Problem to work on: Produce the lines from the one containing "LMV - Logo and" through the end of the material exactly as they appear, both ends included, and leave the pictures out.

Dataset section section start

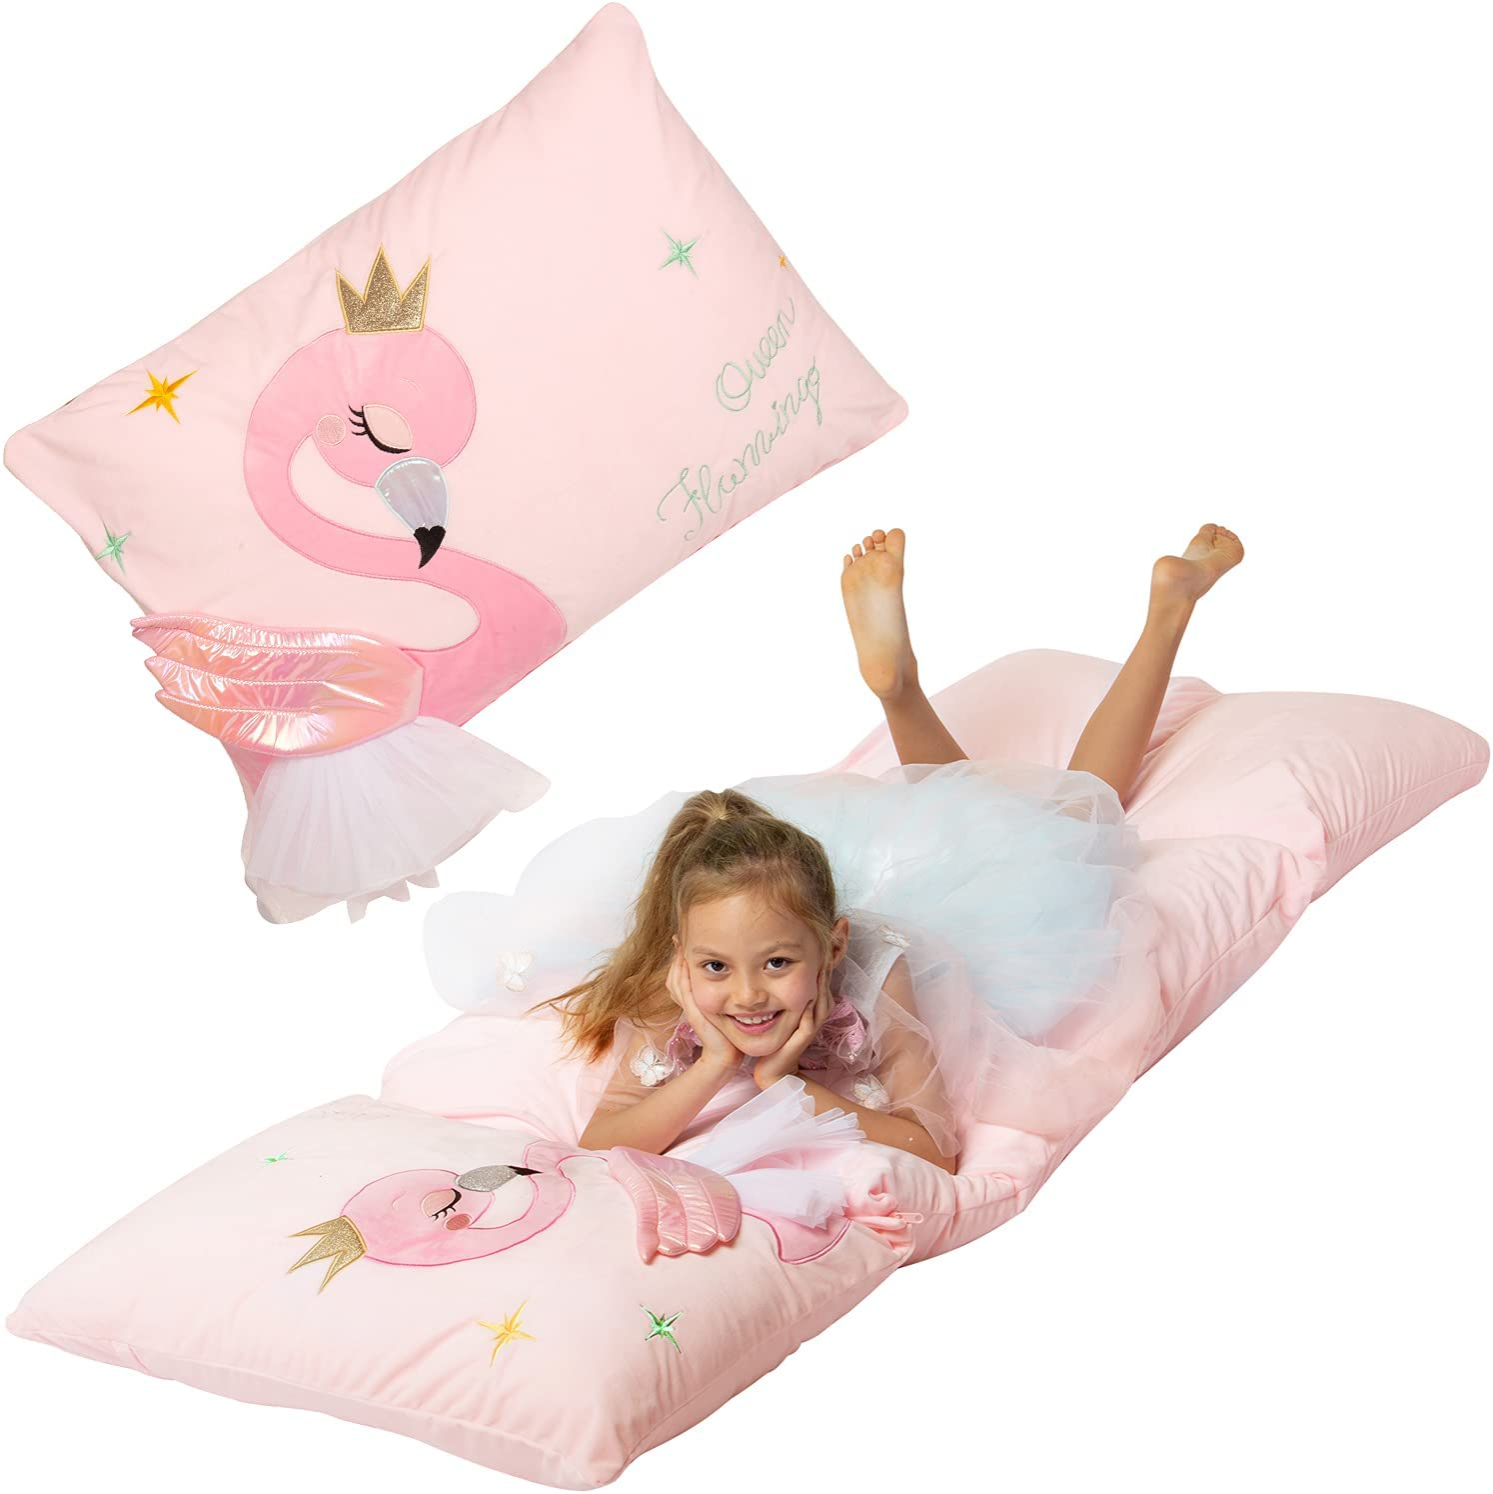 Yoweenton Flamingo Decorations Girls Room, Velvet Floor Pillow, Kids Lounge Chair for Bedroom, Kids Lounger for Teen Girl Room Décor, Cover ONLY
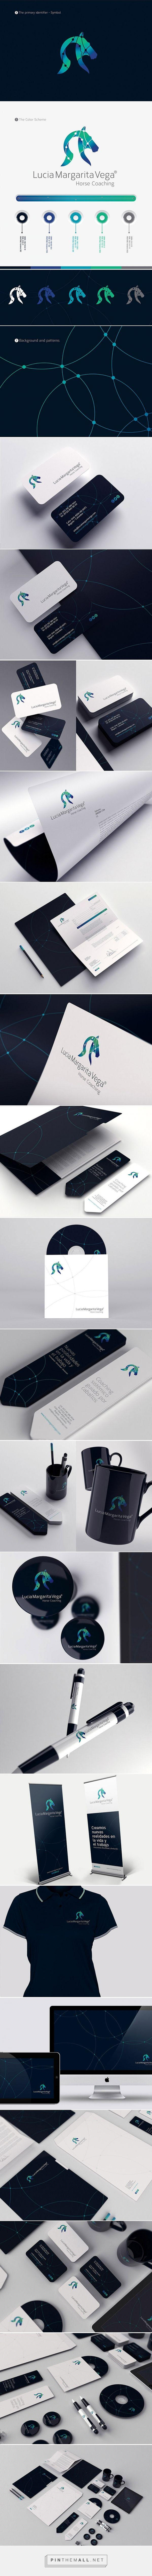 LMV - Logo and Identity by David Espinosa IDS
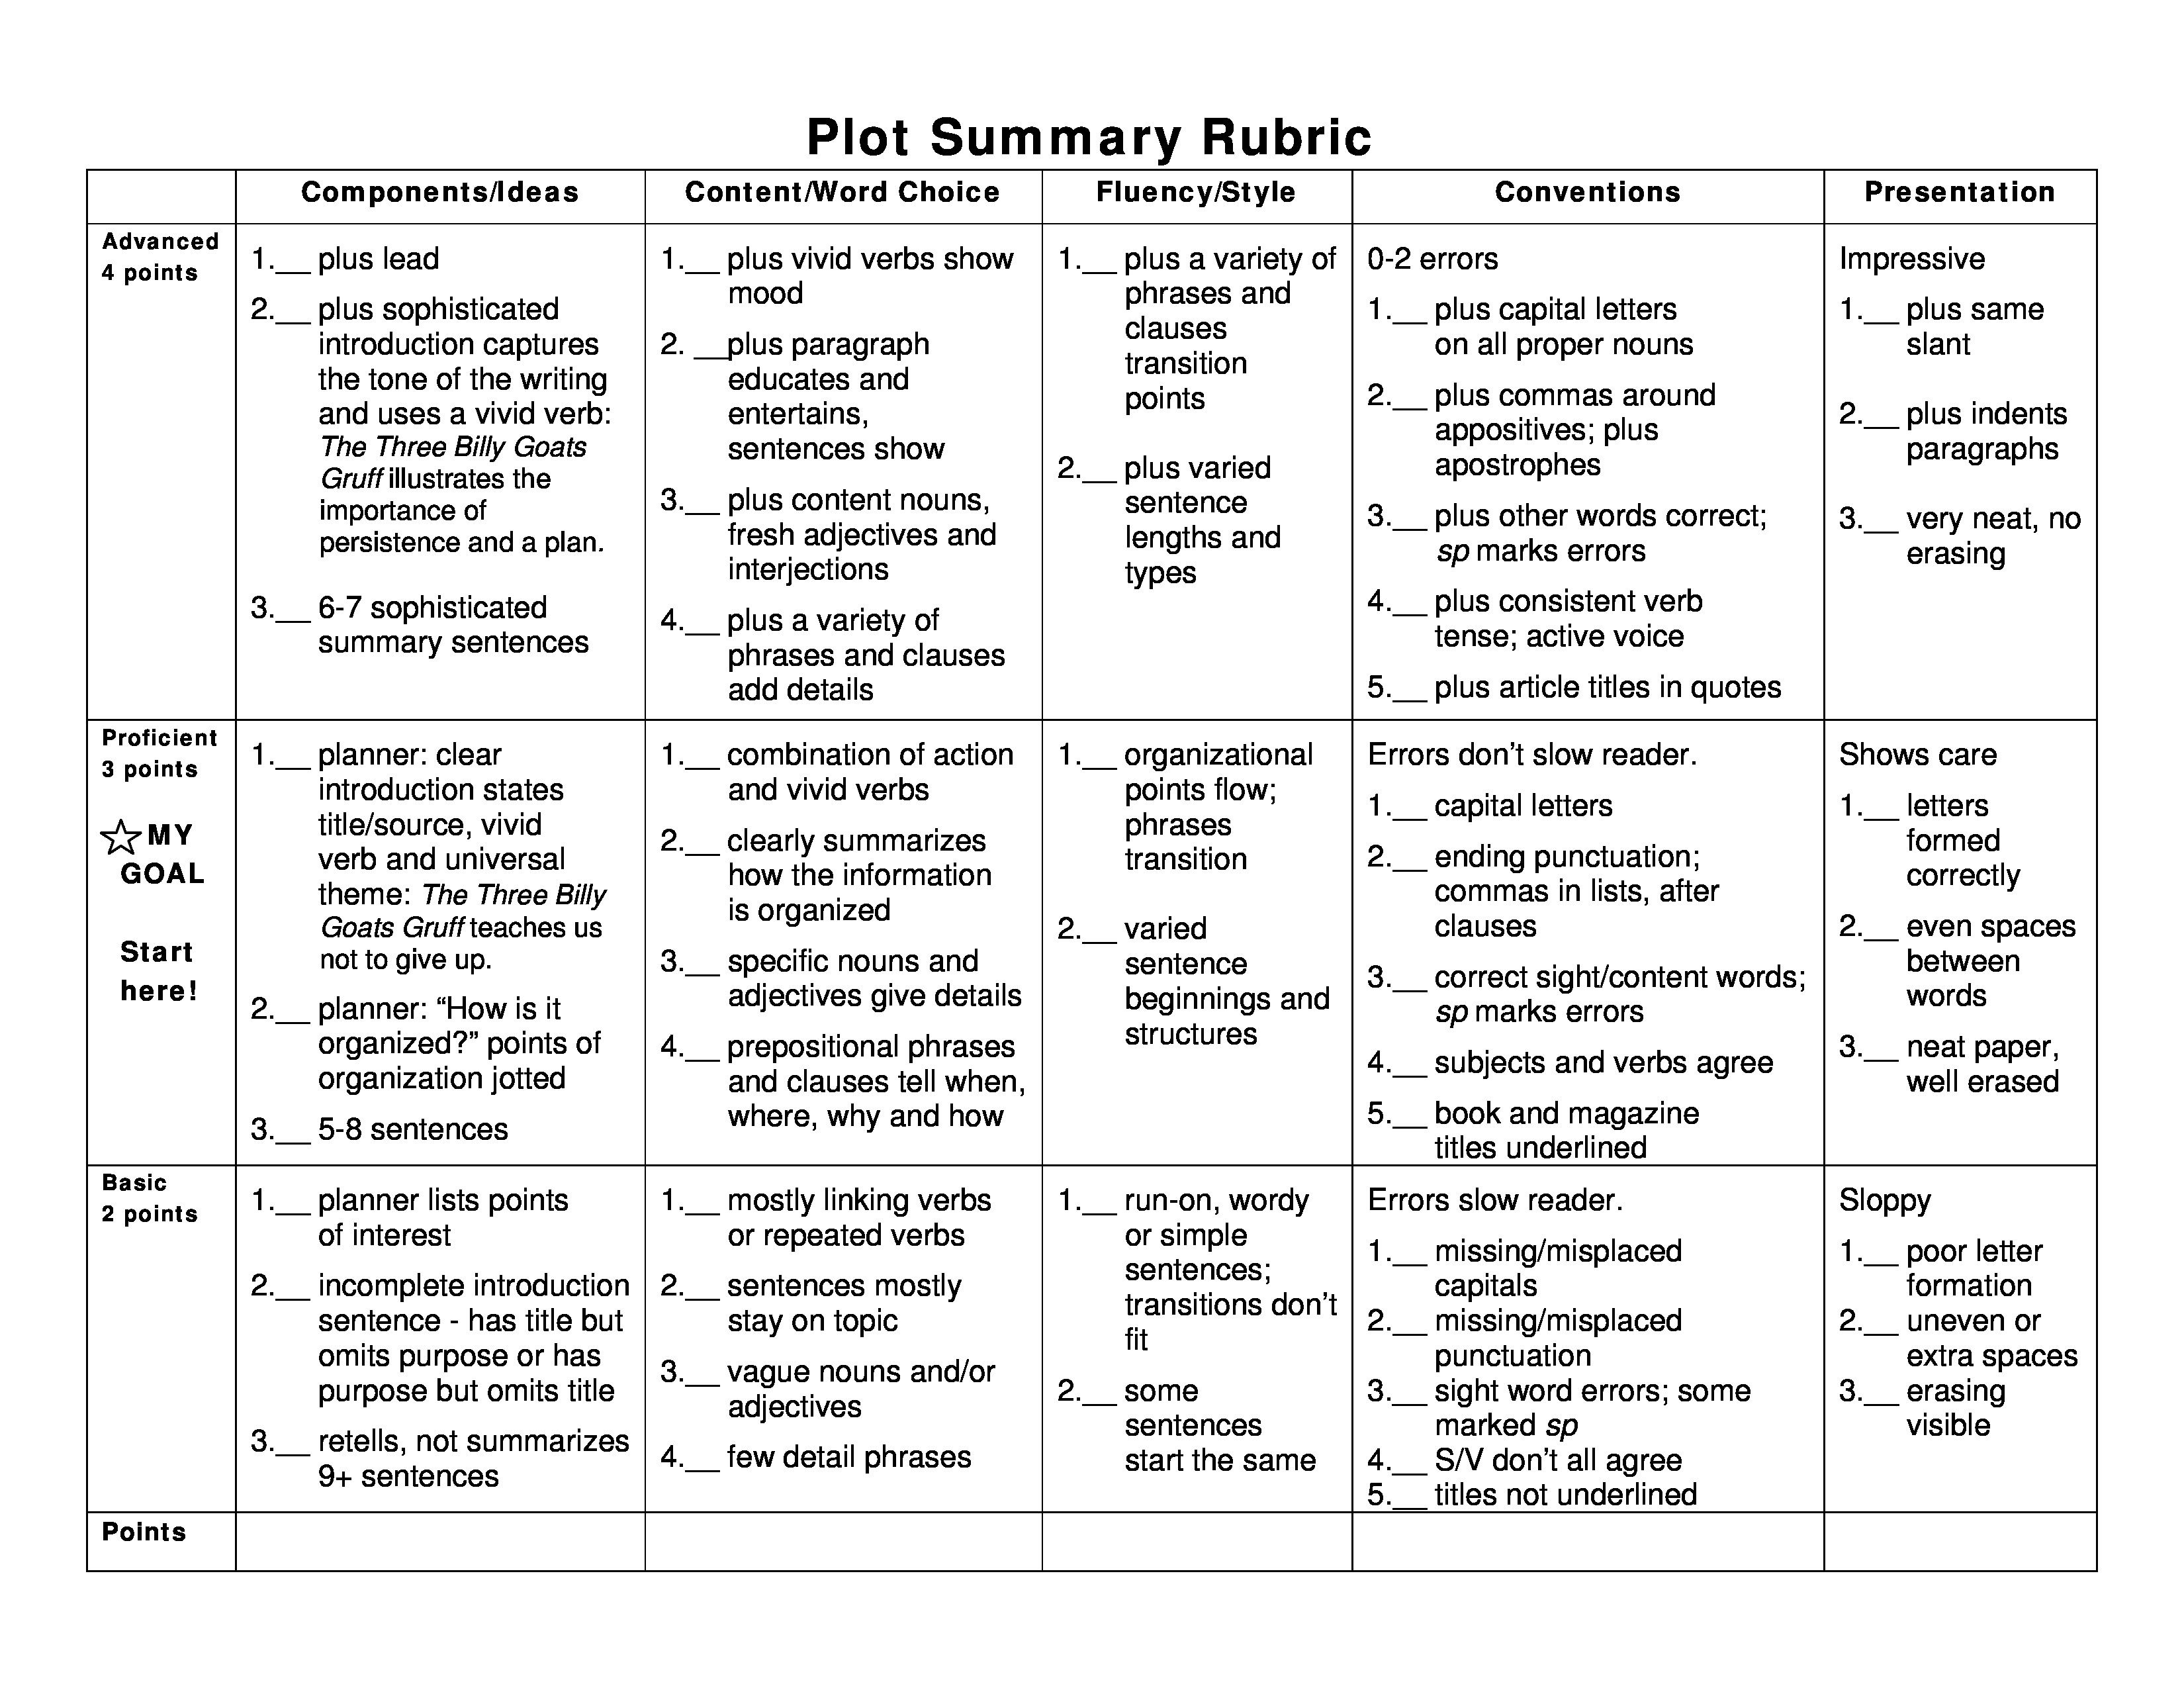 Rubric Plot Summary Rubric

Dataset section section end

Problem solution:
 LMV - Logo and Identity by David Espinosa IDS
 Rubric Plot Summary Rubric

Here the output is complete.